SeldonIO / tempo

MLOps Python Library
https://tempo.readthedocs.io/en/latest/
Apache License 2.0
114 stars 21 forks source link

Introduce functionality for kafka functionality for tempo #119

Open axsaucedo opened 3 years ago

axsaucedo commented 3 years ago

Currently tempo has clients that talk to remote models. In order to introduce support for stream processing such as through Kafka, we would need to extend the current interfaces to support asynchronous processing.

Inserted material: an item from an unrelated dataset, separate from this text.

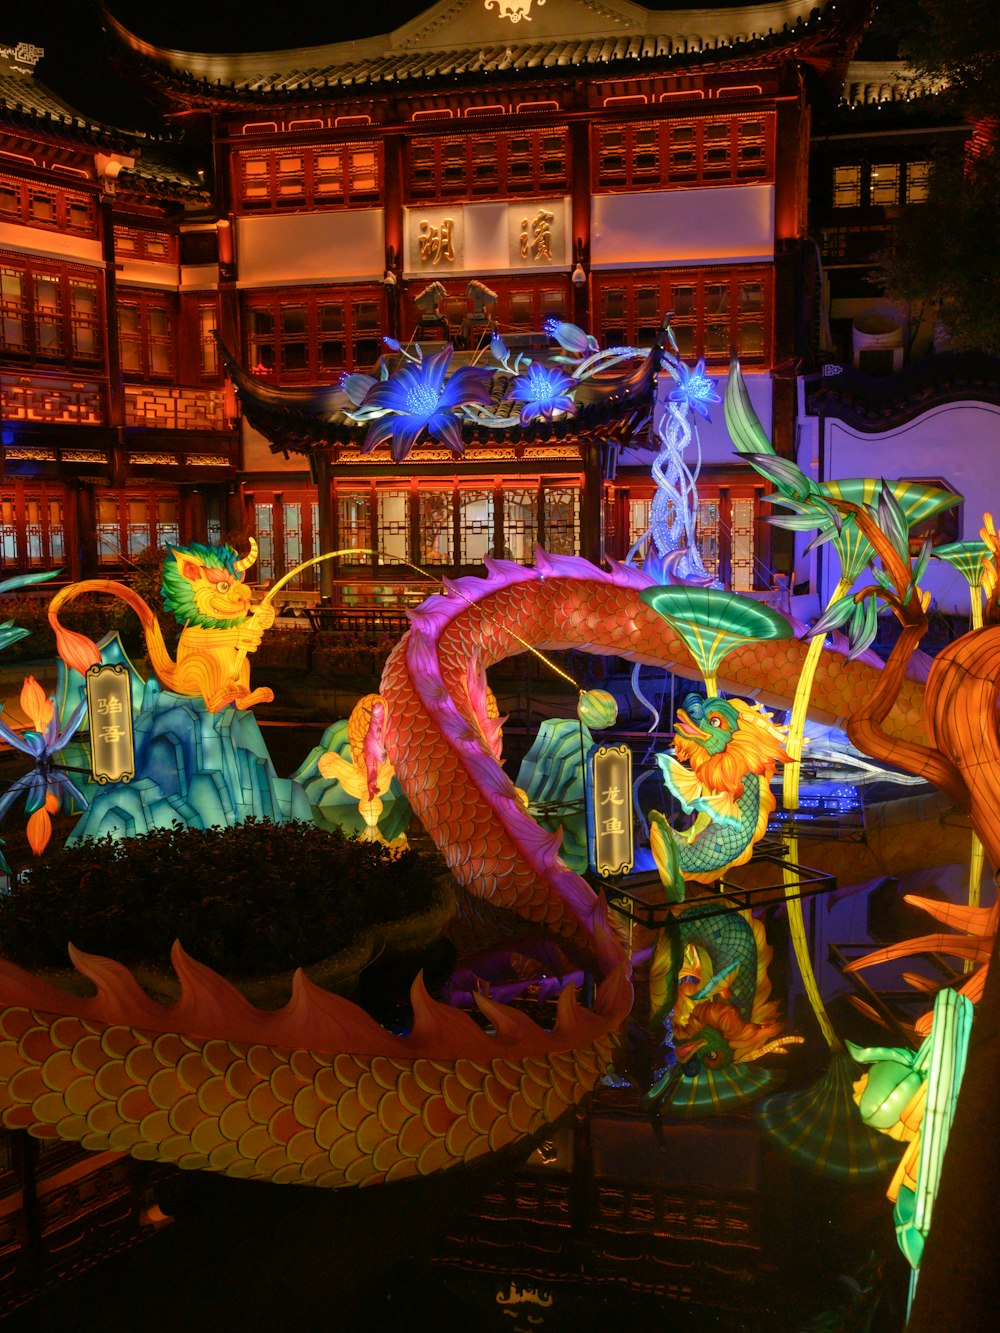 a dragon statue is lit up at night

Models would be defined the same way

sklearn_model = Model(
    name="test-iris-sklearn",
    platform=ModelFramework.SKLearn,
    local_folder=f"{artifacts_folder}/{SKLearnFolder}",
    uri="s3://tempo/basic/sklearn",
)

xgboost_model = Model(
    name="test-iris-xgboost",
    platform=ModelFramework.XGBoost,
    local_folder=f"{artifacts_folder}/{XGBoostFolder}",
    uri="s3://tempo/basic/xgboost",
)

Option 1: AsyncIO

Each instance to a pipeline is processed synchronously, with each subsequent model "synchronously", of course using AsyncIO to release control, but waiting until the respective model "returns" the output to the output_topic.

Advantages

Disadvantages

@pipeline(
    name="classifier",
    uri="s3://tempo/basic/pipeline",
    local_folder=f"{artifacts_folder}/{PipelineFolder}",
    models=PipelineModels(sklearn=sklearn_model, xgboost=xgboost_model),
)
def classifier(payload: np.ndarray) -> Tuple[np.ndarray, str]:
    res1 = await classifier.models.sklearn(input=payload)

    if res1[0] == 1:
        return res1, SKLearnTag
    else:
        return await classifier.models.xgboost(input=payload), XGBoostTag

Option 2: Fully Asynchronous Streams

The second option is to approach it in the fully traditional independent stream processing approach, where each independent data instance would be processes as single step across the streaming pipeline process.

Advantages

Disadvantage

p = Pipeline(
    name="classifier",
    uri="s3://tempo/basic/pipeline",
    local_folder=f"{artifacts_folder}/{PipelineFolder}",
    models=PipelineModels(sklearn=sklearn_model, xgboost=xgboost_model),
)

@p.pipeline
def classifier(payload: np.ndarray) -> Tuple[np.ndarray, str]:
    classifier.models.sklearn.send(input=payload)

@p.models.sklearn
def sklearn(res1):
    if res1[0] == 1:
        return res1, SKLearnTag
    else:
        p.models.xgboost.send(input=payload), XGBoostTag

@p.models.xgboost
def xgboost(res):
    return res
adriangonz commented 3 years ago

I think both options can probably be combined.

From my point of view, asyncio support is a must. Even without streaming, it's probably needed to optimise pipelines (where I imagine most of the time would be spent in IO, waiting for the model's answer). For the streaming scenario, asyncio can be leveraged to optimise the waiting time for Kafka to come back.

We could think about making it optional though. That is, let people define both async or "classic" methods, and let Tempo decide how to call a custom function (i.e. with await or synchronously). This is similar to how FastAPI handles this, without forcing the user to write full async code.